All of these institutions have track records within English HE and are not-for-profit. In the case of Anglo-European College of Chiropractic, its application for HEFCE designation comes after ten years in the funding system through partnership arrangements. Its Principal, Prof. Haymo Thiel confirmed that the college is also currently seeking taught degree awarding powers and had sought designation to boost ‘the independence and reputation of the college’ and to avoid being ‘caught in the middle’ between its validating partner and changes to government policy. AECC intends to continue to access Band B funding for high-cost subjects and would consider applying for capital grants and small and specialist institution status ‘if appropriate.’ Prof Thiel told me of his plans for ‘sensible, niche growth’ over the long-term: “We would consider applying for research funding, perhaps in relation to the next REF exercise, but it is too soon to specify a date”.

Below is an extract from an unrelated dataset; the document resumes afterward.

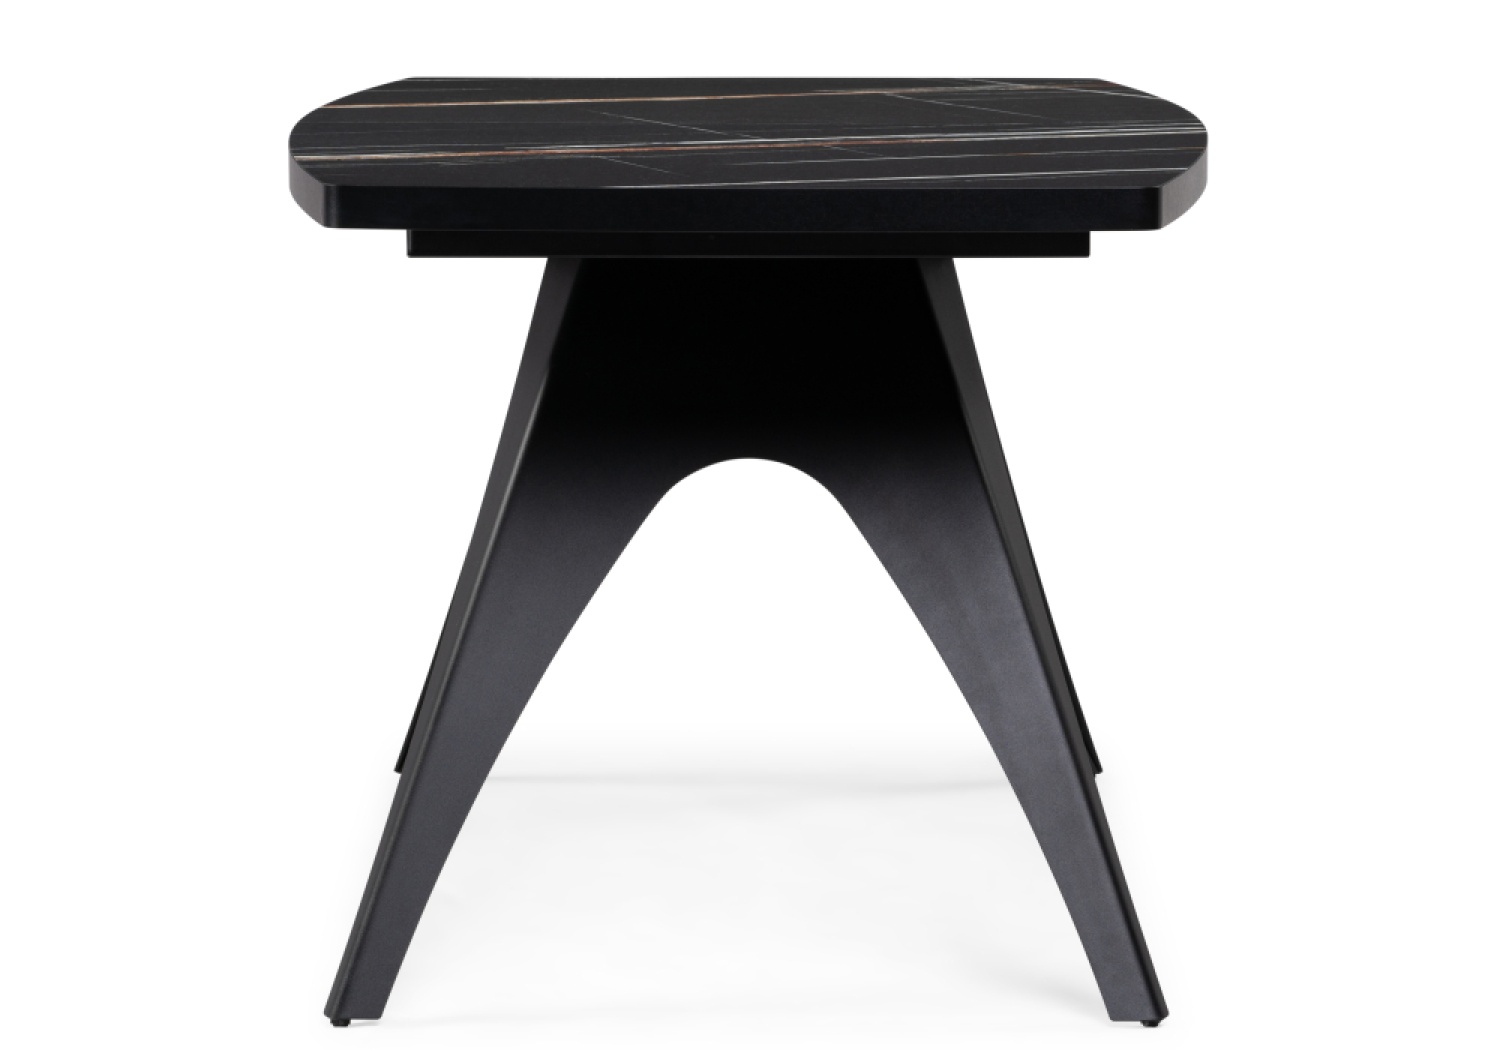 Стеклянный стол Лардж 160(205)х90х76 sahara noir / черный

HEFCE’s new guidance seems to anticipate an increase in interest in access to grants and has relaxed its track record requirements in accordance with government preferences. Its Gateway process will be ‘operated to avoid unnecessary barriers and bureaucracy’ and

‘designed to ensure that it can produce reliable judgements about a provider’s readiness to enter the higher education sector and deliver a high-quality academic experience, even when the provider does not have a substantial track record of delivering higher education’ (Revised Operating Guidance §65).

Those new to grant funding will face an initial review and a four-year ‘development’ period of ‘enhanced scrutiny and support’ prior to judgment about whether the institution is ready to join the ‘established’ provision. But there is no suggestion that a loan-funded track record will be the necessary prerequisite before an institution can apply for access to grants.

These new developments are consistent with the Coalition government’s ingenious use of existing powers to pursue its market reforms in piecemeal fashion between 2010 and 2013 (before the extent of that alternative provider policy foul-up became clear). We now have different Business Secretary, and things can move further quickly, with grant funding opened up to start-ups and entrants backed from overseas. Although attention will still be focused on a Higher Education Bill this calendar year, market reform can move on again without the worry of parliamentary delays.

Finally, we ought to consider the recent, delayed BIS grant letter to HEFCE. That outlined expected cuts to its funding over the next two years: Teaching Grant would fall by £200m from £1670m to £1457m, with Capital grants falling over the same period from £600m to £300m.

In other words: we are now preparing to make room for more providers as the grant pot diminishes.